Data:

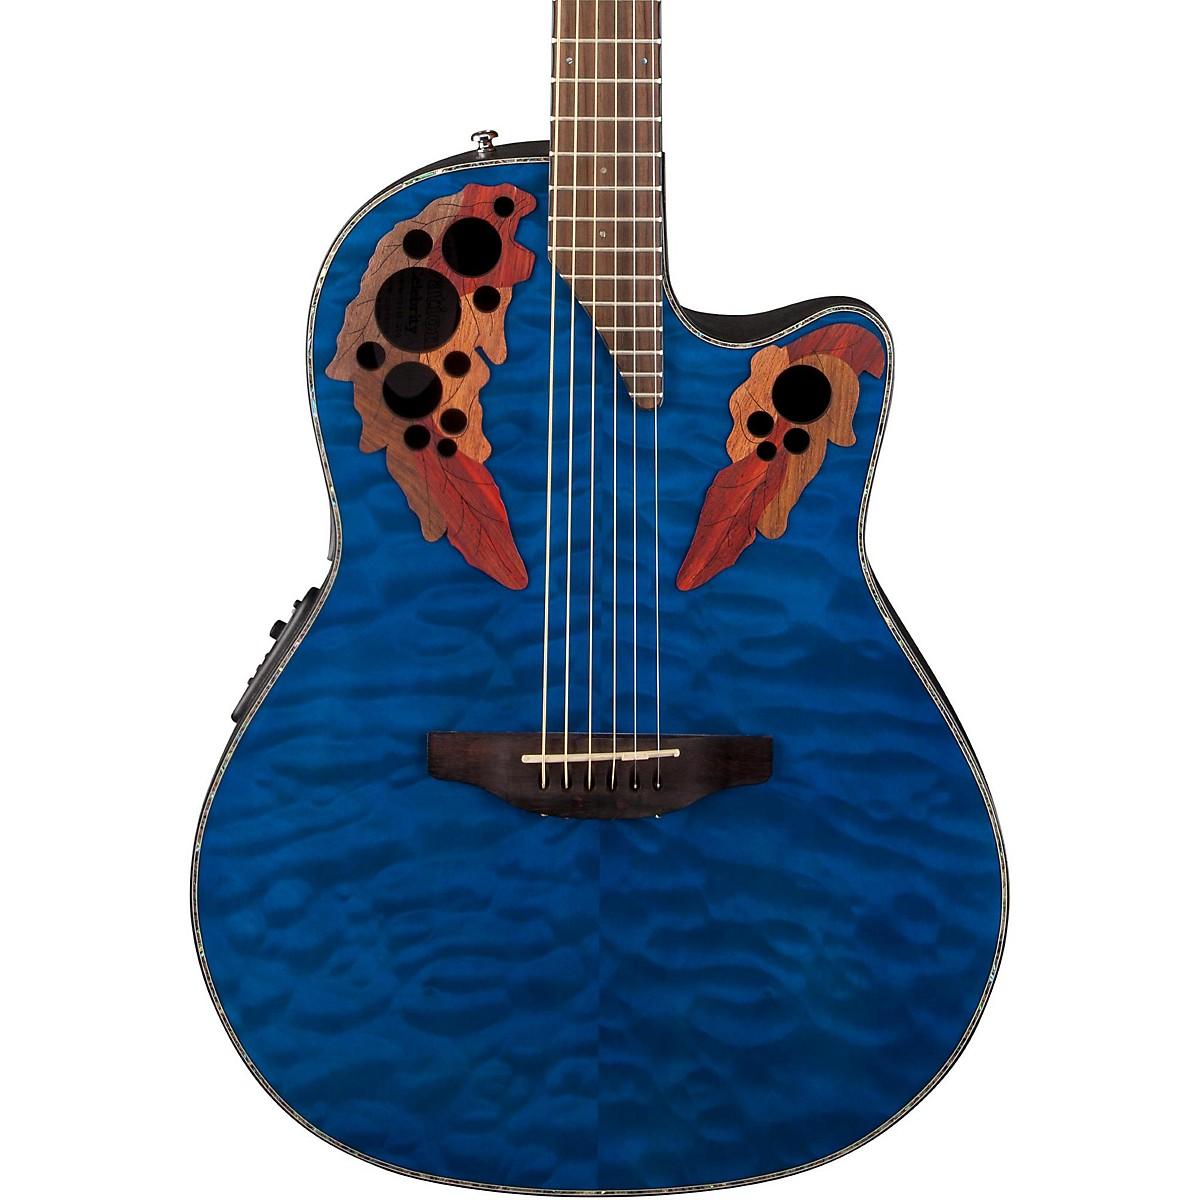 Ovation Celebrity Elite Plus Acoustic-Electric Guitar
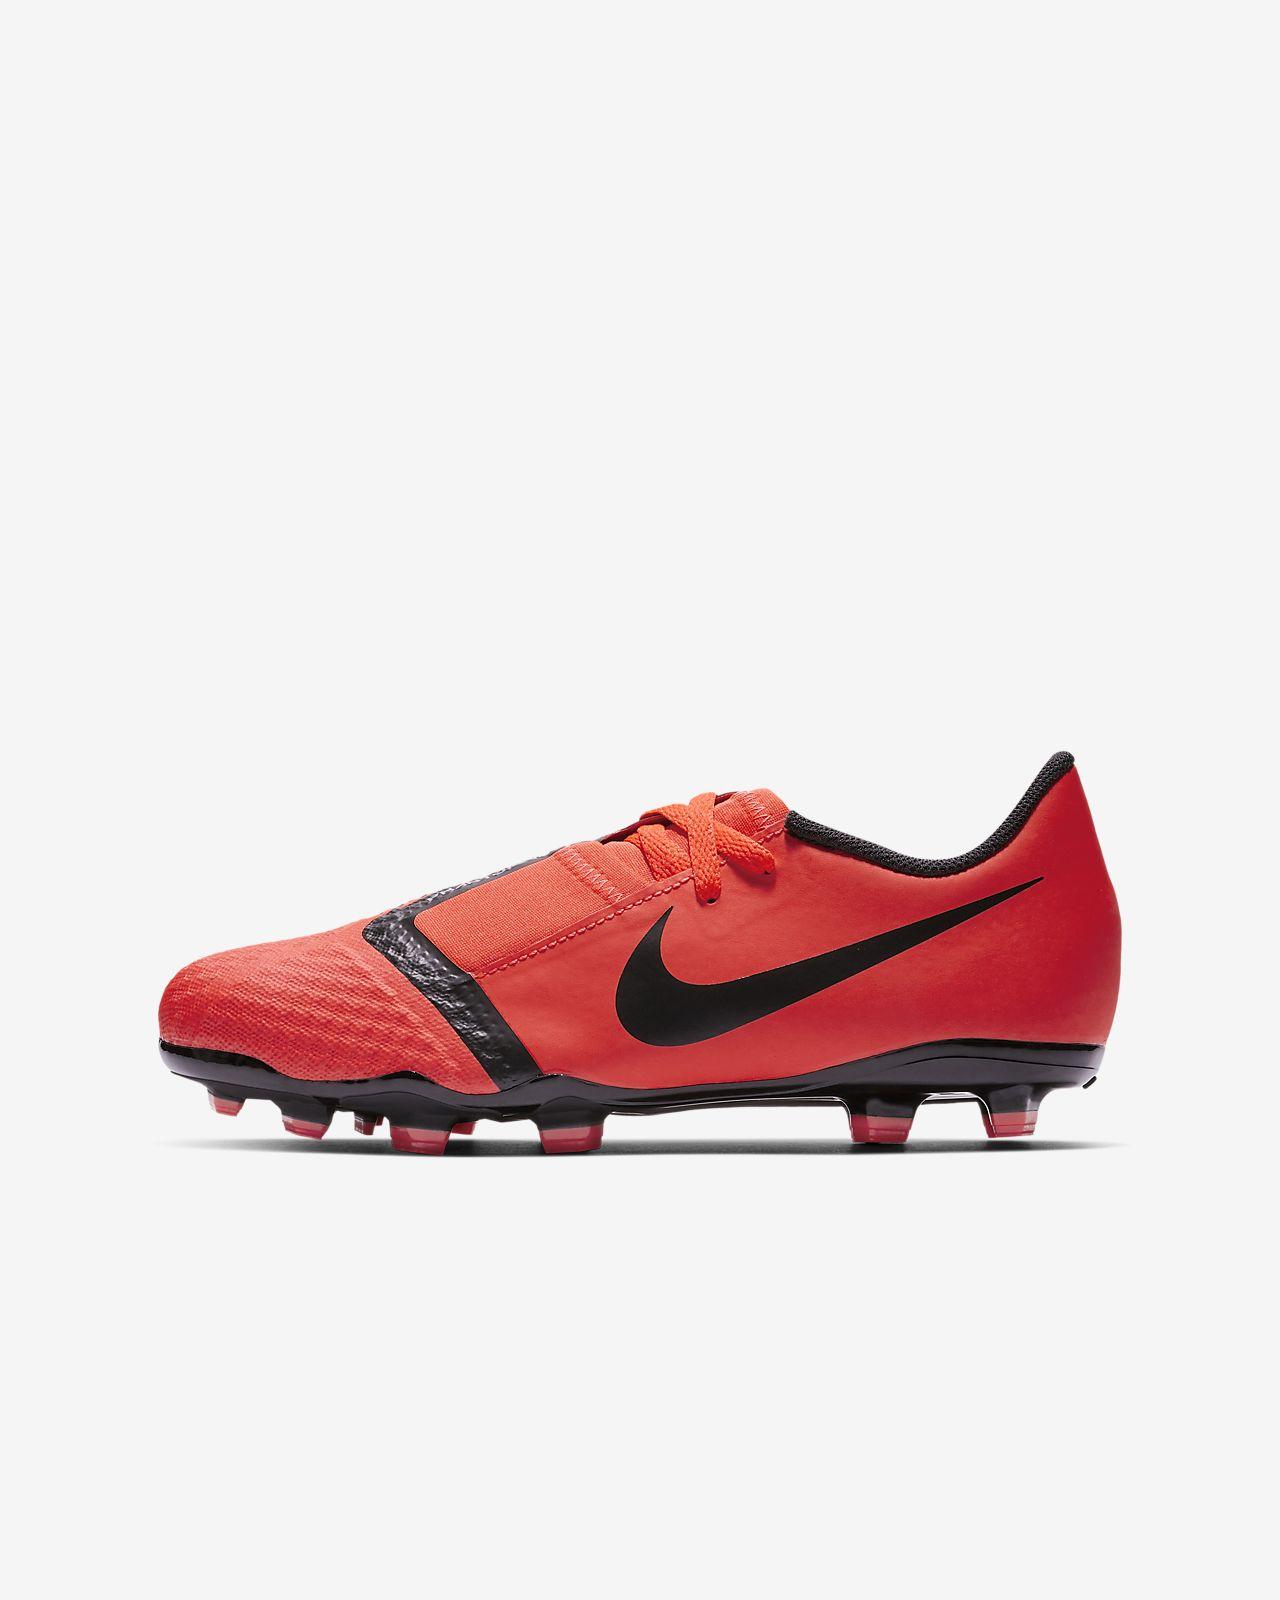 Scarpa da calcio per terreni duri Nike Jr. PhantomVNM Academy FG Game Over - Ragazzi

---

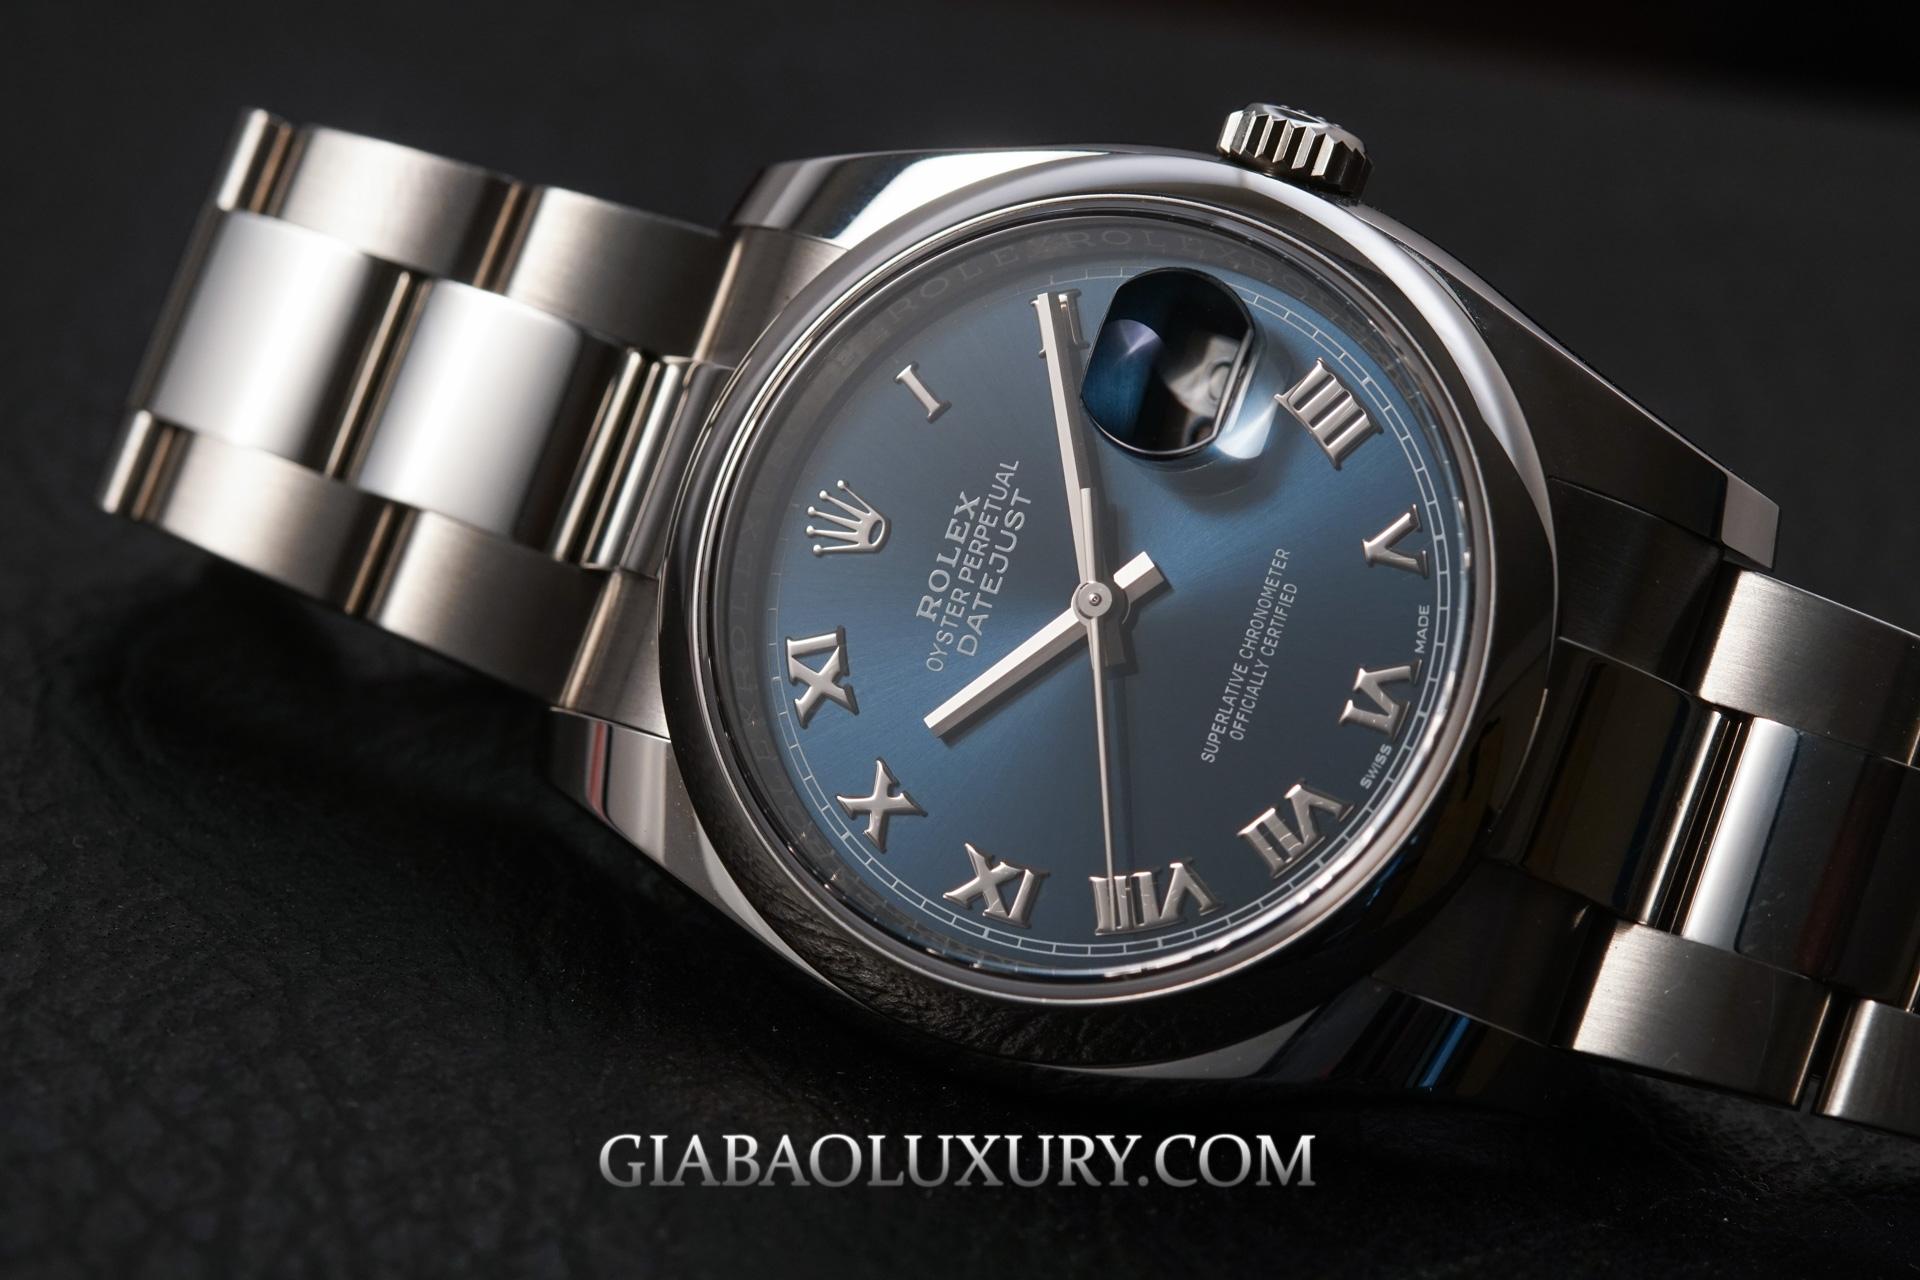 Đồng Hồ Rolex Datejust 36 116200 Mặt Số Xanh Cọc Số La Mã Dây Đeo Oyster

What the task asks:
Would you output the lines above from the line holding "Ovation Celebrity Elite" up to and including the line holding "Scarpa da calcio", exactly and only those, with no pictures?

Problem solution:
 Ovation Celebrity Elite Plus Acoustic-Electric Guitar
 Scarpa da calcio per terreni duri Nike Jr. PhantomVNM Academy FG Game Over - Ragazzi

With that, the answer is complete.